The Corner

Betraying Her Roots

If you actually listen to the Hillary interview linked below one thing really strikes me. She talks movingly about the lessons she learned from her hardworking, self-sufficient father. But nowhere does she actually account for the fact that her philosophy today is 180 degrees in the other direction from her father’s.

I know I’m only one of 17 conservatives who has actually bothered to read It Takes a Village but it does seem worth noting that its message is completely and radically different from self-sufficiency and the autonomy of the family. In Hillary’s village social workers, corporations, politicians, neighbors, schools , everybody has not only a right, but an obligation, to get involved in everyone’s life, particularly the life of kids. Again: Hillary Clinton has said that we need to get beyond the idea that there’s any such thing as someone’s else’s child. I find that  horrifying. 

Hillary wants credit for coming from Mayberry and telegraphs that her values are small town America values. But the fact is her political philosophy is totally at odds with that. Gibson notes how Hillary underwent a “political transformation” in college. And everyone is familiar with that story by now. But, what he doesn’t say is that Hillary rejected the lessons of her father. Indeed, it seems no journalist ever bothers to ask her in a serious and thoughtful way about the contradiction between her boasting of imbibing her dad’s conservative values and the consequences of her political transformation. 

In its form, this spin reminds me a bit of Hillary’s answer in the YouTube debate when she was asked if she was a liberal.  “You know,” she said, “it is a word that originally meant that you were for freedom…that you were willing to stand against big power and on behalf of the individual. Unfortunately, in the last 30, 40 years, it has been turned up on its head, and it’s been made to seem as though it is a word that describes big government, totally contrary to what its meaning was in the 19th and early 20th century.”

“I prefer the word ‘progressive,’” Mrs. Clinton continued, “which has a real American meaning, going back to the progressive era at the beginning of the 20th century.

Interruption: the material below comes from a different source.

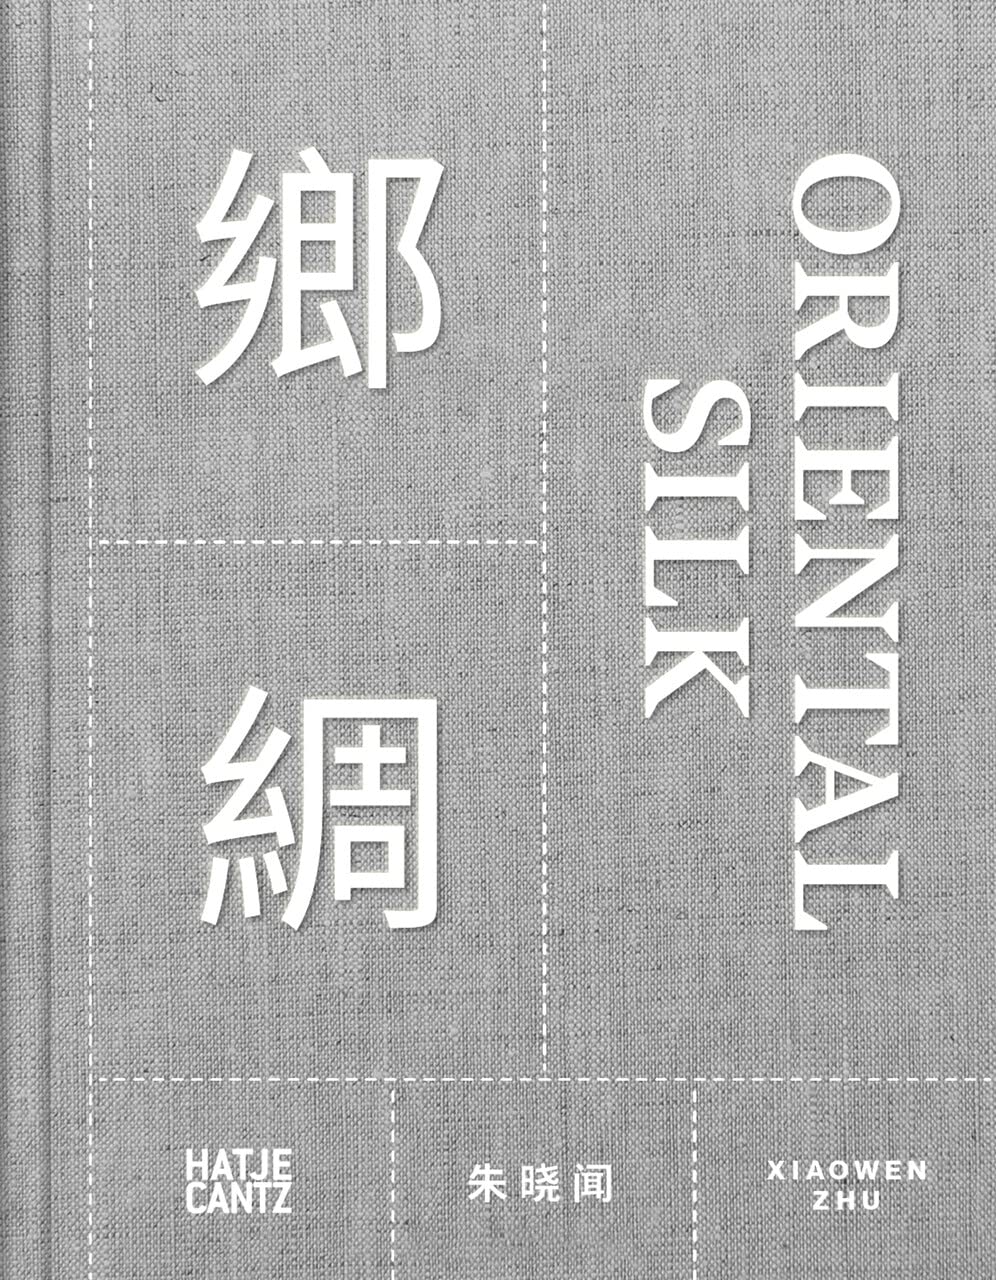 Xiaowen Zhu: Oriental Silk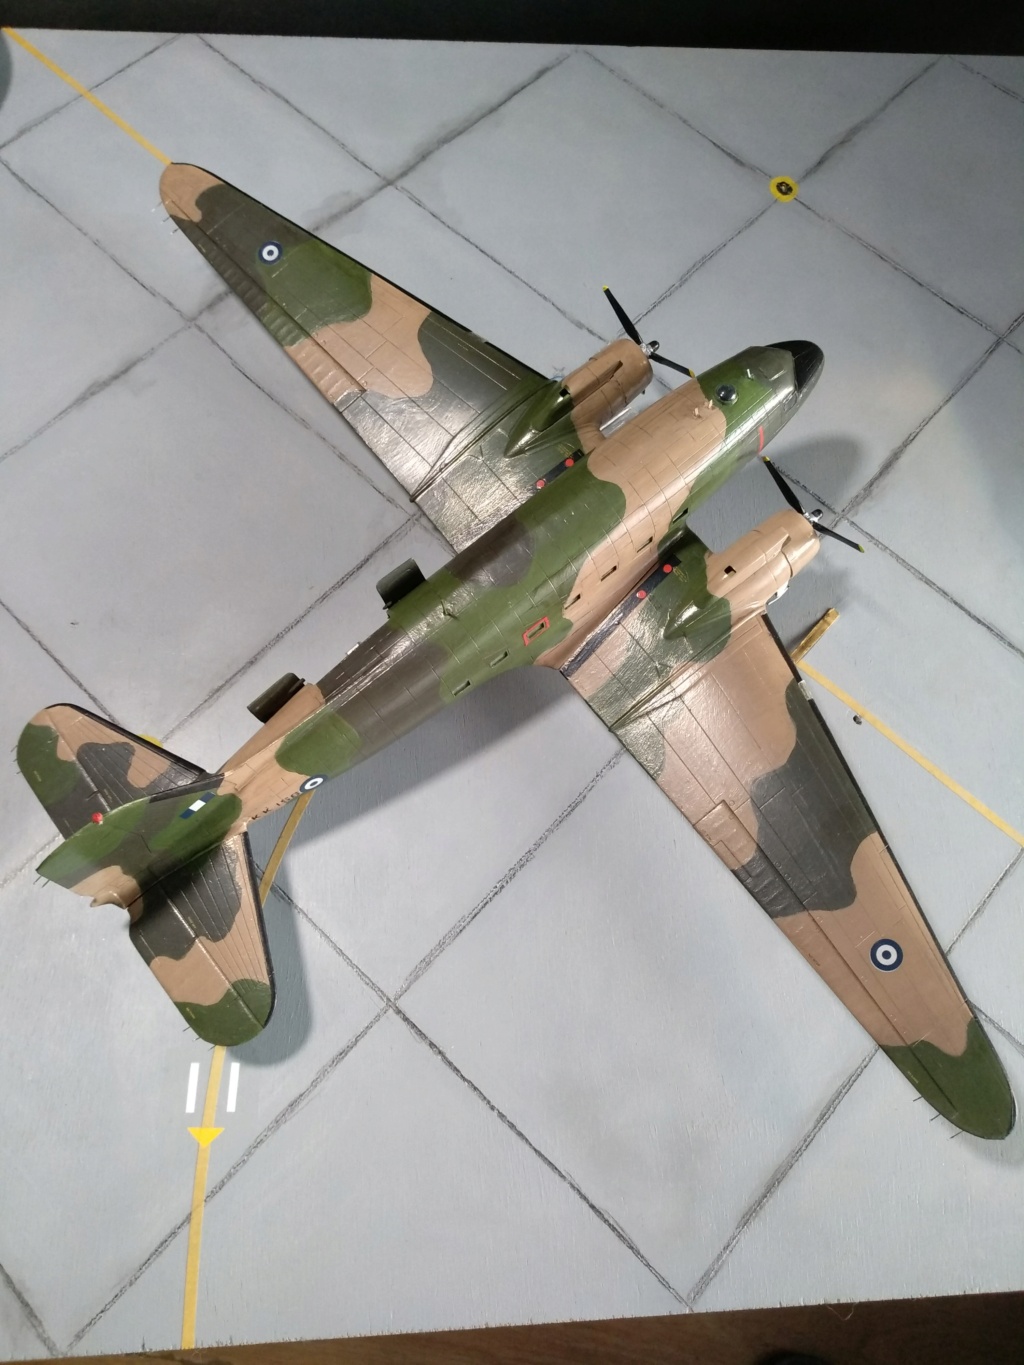   [Italeri] C-47 Skytrain 1/72. Armee de l'Air Grecque. (s/n KK 156) Img_2073

I consider myself a modern progressive.”

Now the brilliance of this answer was that it sounded like she wanted to take credit for all the positive connotations of liberalism and none of the negative ones. And that is what she wanted  to do. But the simple plain historical fact is that the Progressives were the enemies of the freedom-loving 19th century liberals. They were the ones who loved  big government. When she calls herself a “modern progressive” she is in fact reaffirming her faith in big government while sounding like she stands against it. I mean, come one, does anyone think Hillary Clinton is truly hostile to big government? Really?

The similarity is striking insofar as in both cases Hillary is taking credit for a past she in fact has cut herself off from. She is in no way shape or form a 19th century liberal and she is in no way  shape or form a believer in the rugged individualism of her father. But she doesn’t want you to know that.  And neither does Charlie Gibson.